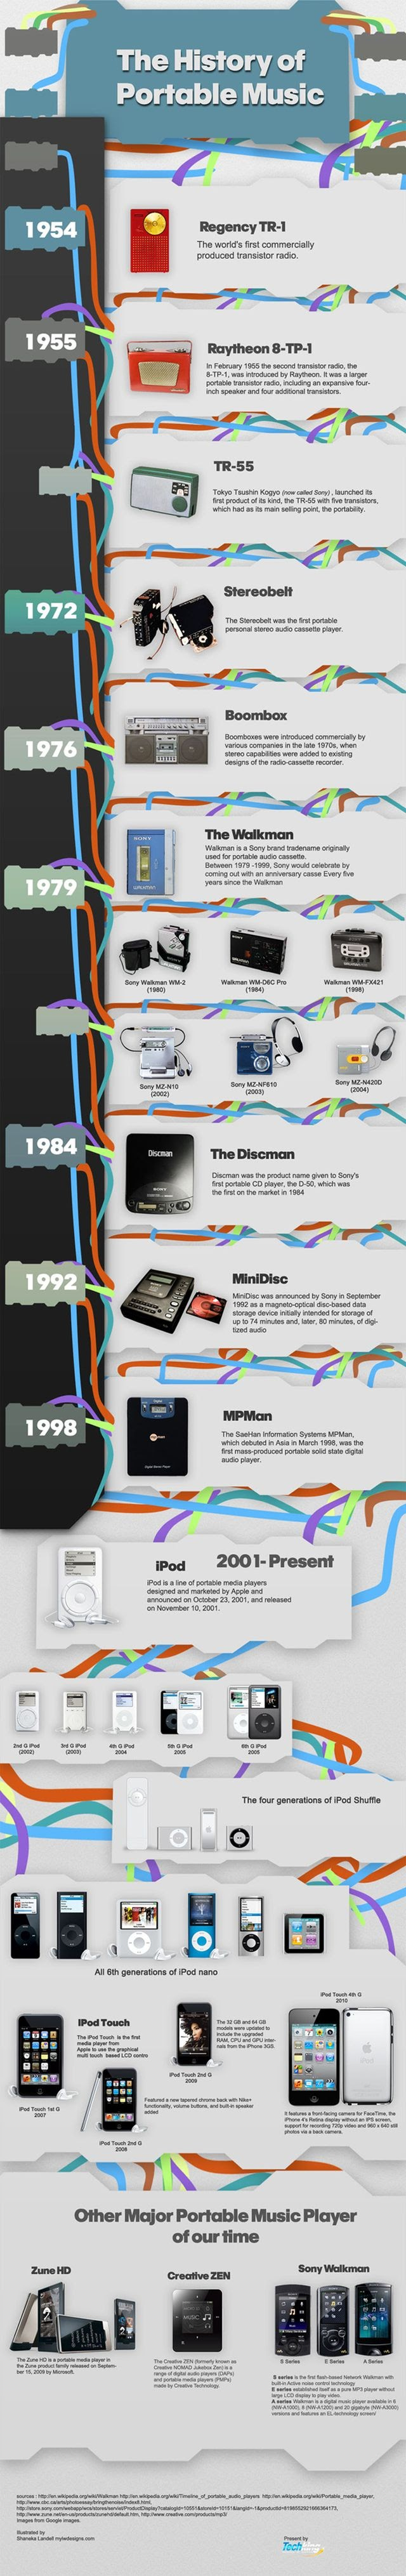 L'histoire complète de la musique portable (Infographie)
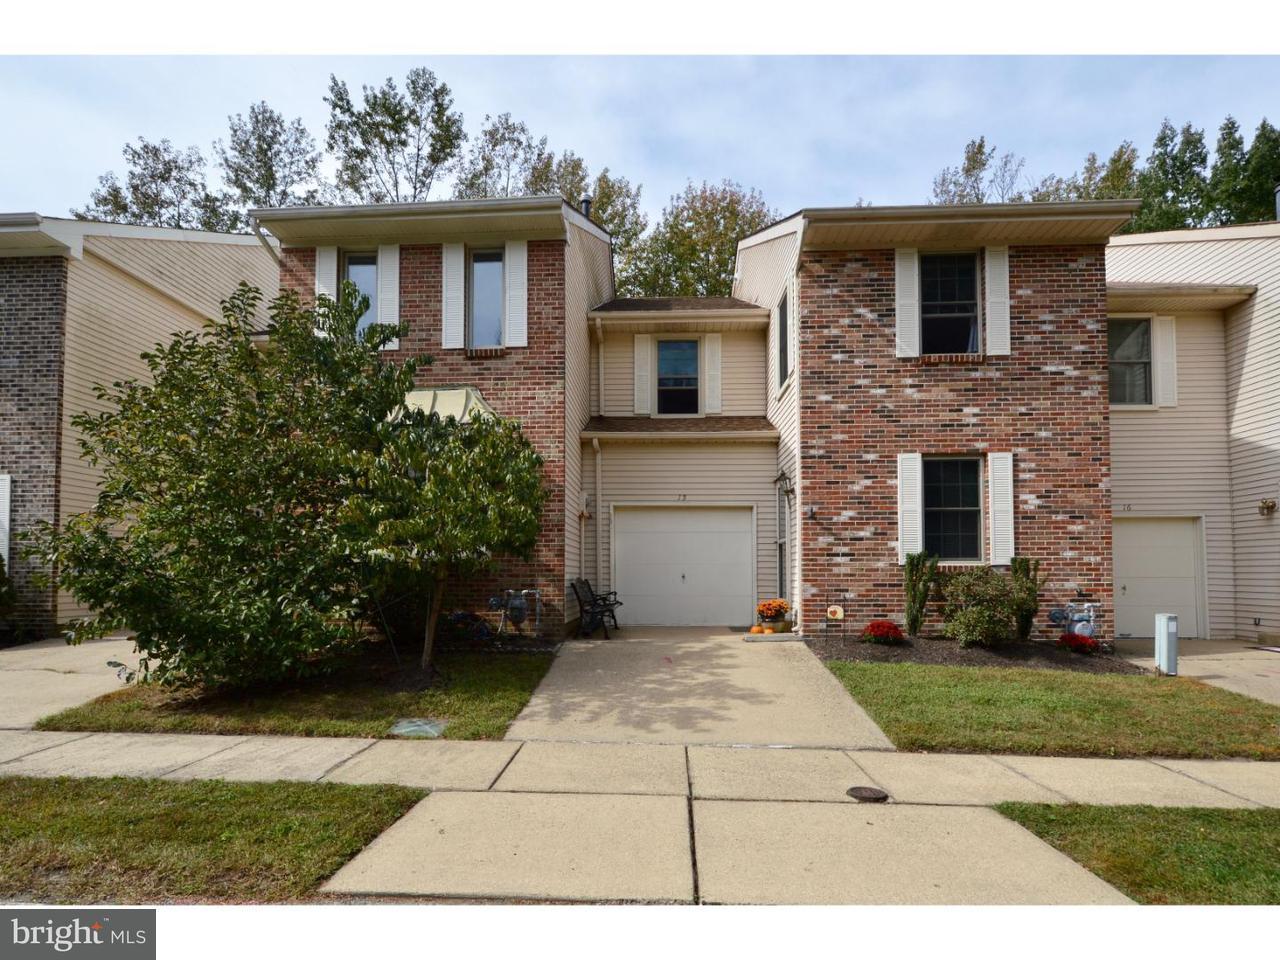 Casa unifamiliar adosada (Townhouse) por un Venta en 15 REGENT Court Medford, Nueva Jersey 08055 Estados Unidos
* * *
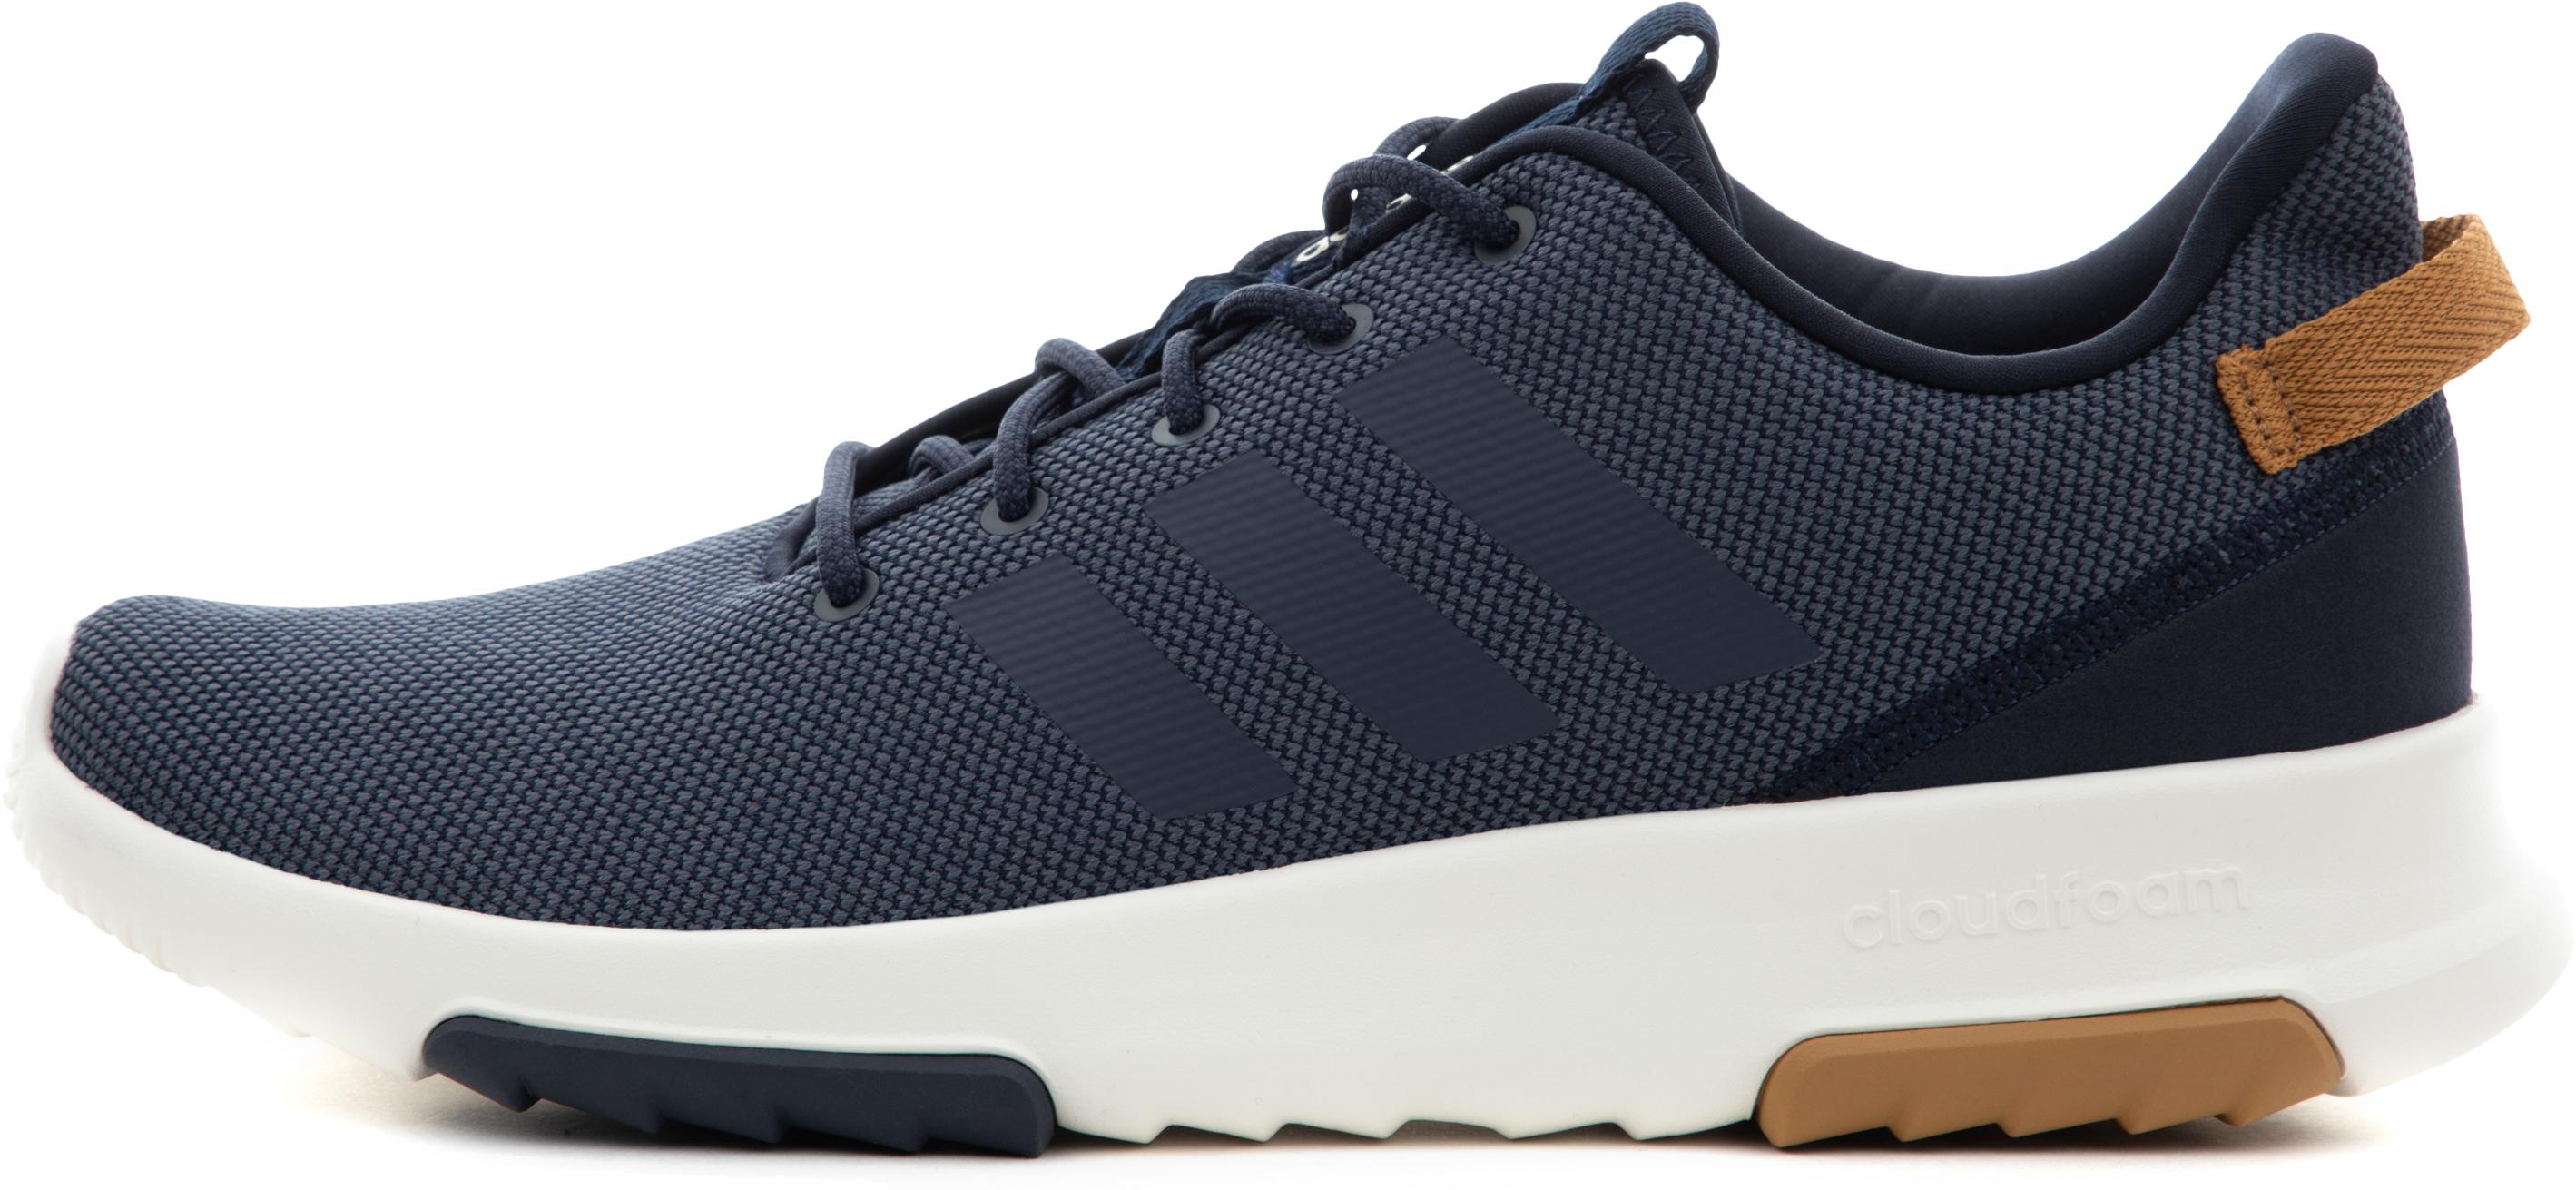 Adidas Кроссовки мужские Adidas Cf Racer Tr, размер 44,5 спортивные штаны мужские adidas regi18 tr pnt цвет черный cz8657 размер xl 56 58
==
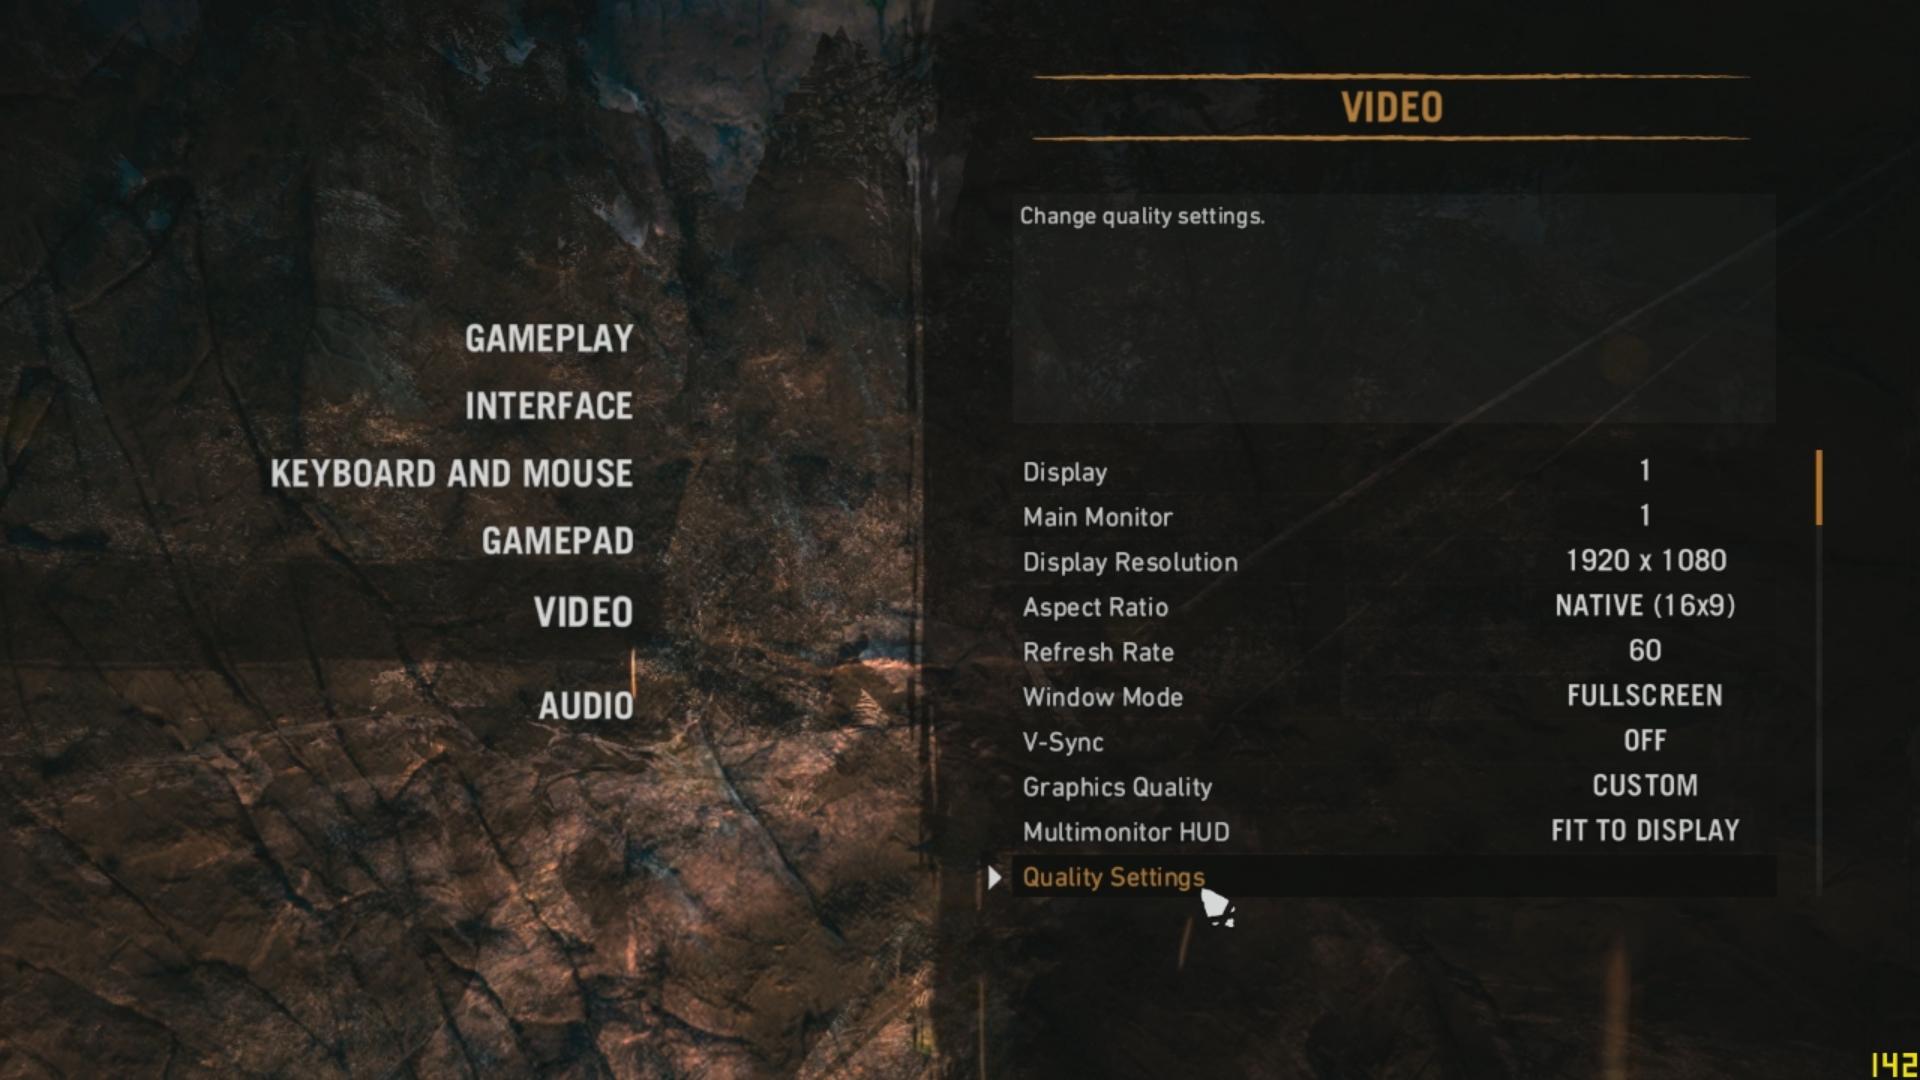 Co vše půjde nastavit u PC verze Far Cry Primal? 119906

__WORK TO COMPLETE__:
Using the data above, print only the lines starting at the one with "L'histoire complète de" and ending at the one with "Casa unifamiliar adosada", exactly as they stand, minus the pictures.

__ANSWER SECTION__:
 L'histoire complète de la musique portable (Infographie)
 Casa unifamiliar adosada (Townhouse) por un Venta en 15 REGENT Court Medford, Nueva Jersey 08055 Estados Unidos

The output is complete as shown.